Fastest way to check if a string matches a regexp in ruby?
This is a simple benchmark:
require 'benchmark'
"test123" =~ /1/
=> 4
Benchmark.measure{ 1000000.times { "test123" =~ /1/ } }
=> 0.610000 0.000000 0.610000 ( 0.578133)
"test123"[/1/]
=> "1"
Benchmark.measure{ 1000000.times { "test123"[/1/] } }
=> 0.718000 0.000000 0.718000 ( 0.750010)
irb(main):019:0> "test123".match(/1/)
=> #<MatchData "1">
Benchmark.measure{ 1000000.times { "test123".match(/1/) } }
=> 1.703000 0.000000 1.703000 ( 1.578146)
So =~ is faster but it depends what you want to have as a returned value.

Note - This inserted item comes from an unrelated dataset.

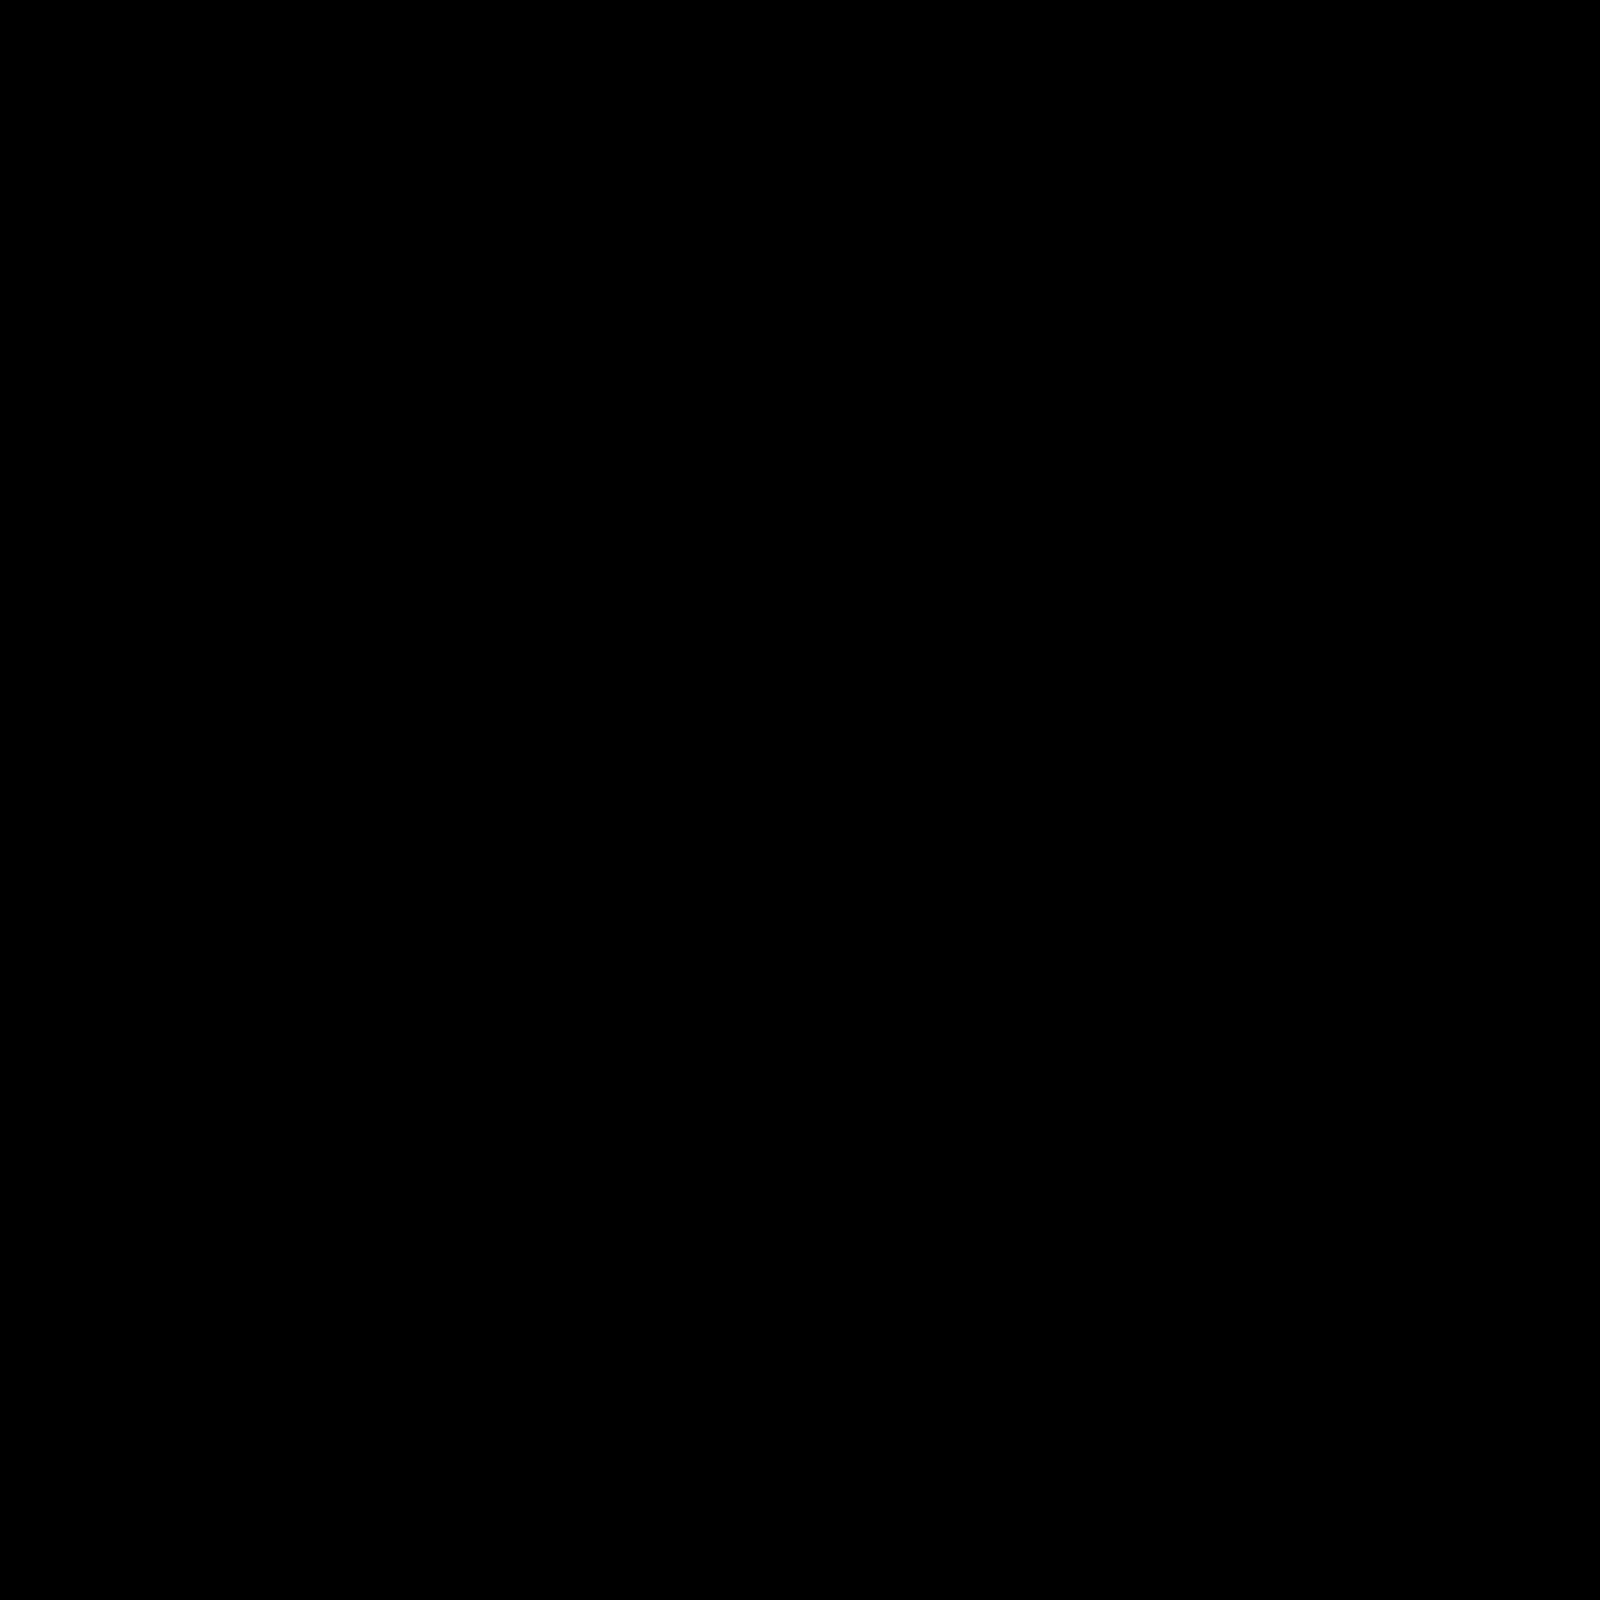 矢印を展開 icon. The Expand Arrow icon looks like the tip of an arrow, without the shaft, pointing down to the bottom of the page. It also looks like an upside-down equilateral triangle, only without its base.

If you just want to check if the text contains a regex or not use =~
This is the benchmark I have run after finding some articles around the net.
With 2.4.0 the winner is re.match?(str) (as suggested by @wiktor-stribiżew), on previous versions, re =~ str seems to be fastest, although str =~ re is almost as fast.
#!/usr/bin/env ruby
require 'benchmark'
str = "aacaabc"
re = Regexp.new('a+b').freeze
N = 4_000_000
Benchmark.bm do |b|
b.report("str.match re\t") { N.times { str.match re } }
b.report("str =~ re\t") { N.times { str =~ re } }
b.report("str[re] \t") { N.times { str[re] } }
b.report("re =~ str\t") { N.times { re =~ str } }
b.report("re.match str\t") { N.times { re.match str } }
if re.respond_to?(:match?)
b.report("re.match? str\t") { N.times { re.match? str } }
end
end
Results MRI 1.9.3-o551:
$ ./bench-re.rb | sort -t $'\t' -k 2
user system total real
re =~ str 2.390000 0.000000 2.390000 ( 2.397331)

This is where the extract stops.